The City has just published a lengthy independent analysis of Measure W’s “Legal Impacts” if passed; you can read it in the agenda packet for the September 28 Council meeting. And it confirms the City Attorney’s caution: “Given the objections of the California Attorney General to the more rigorously documented historic districts in Pasadena, it is not clear that the exemption from SB9 will apply to the proposed Historic Neighborhoods District” in Measure W.

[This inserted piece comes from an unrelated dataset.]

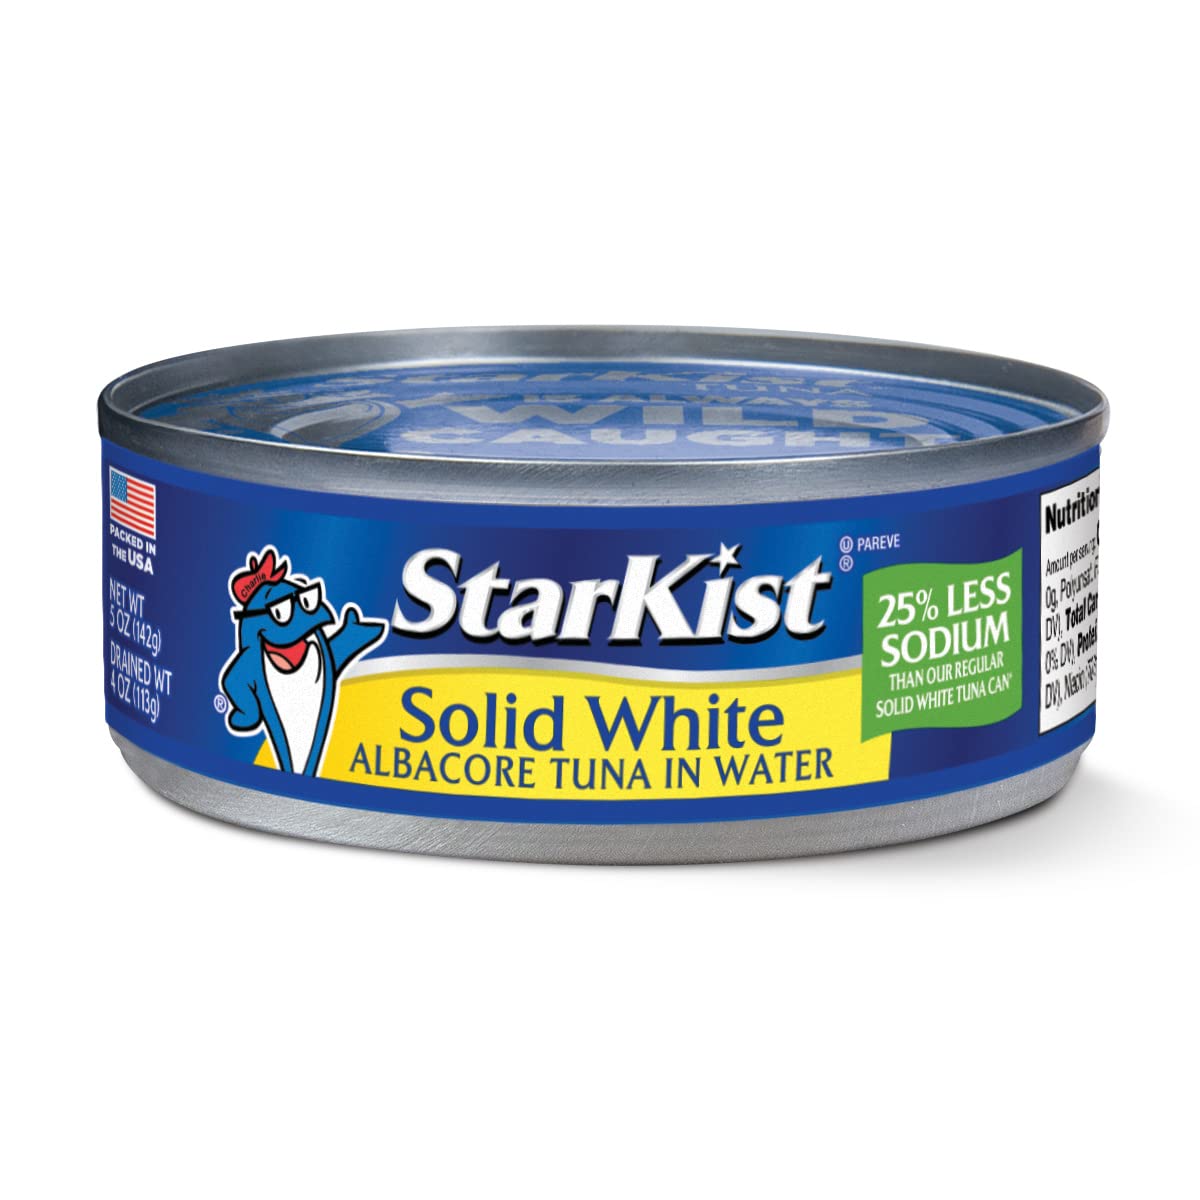 StarKist Solid White Albacore Tuna in Water 25% Less Sodium - 4 - 5 oz Cans (Pack of 6) - 24 Cans Total

The report continues: Measure W “would impose additional barriers to accommodating a diversity of housing types[,]” “effectively reinstat[ing] barriers to overcoming patterns of segregation and fostering inclusive communities.” Accordingly, Nevada City risks violating its legal “duty to affirmatively further fair housing” and is subject to action by the AG “if the violation is not corrected.”

Decision Time

At the September 19 Chamber of Commerce forum on Measure W, spokeswoman Karla Arens insisted there was “no risk” of a legal challenge, because a “very prestigious” law firm said so. But Nevada City’s own City Attorney has questioned the measure’s validity; so has the City-commissioned Legal Impacts report, in great detail… and so has the California Attorney General. With the entire state legal apparatus behind him, the AG is a lot more than “prestigious.”

Measure W’s proponents are free to keep their heads in the sand, of course. But if we really want to protect our town, I urge the rest of us to accept and deal with reality. Please choose wisely, fellow voters… Vote No on W!

Stephen Greenberg lives in Nevada City.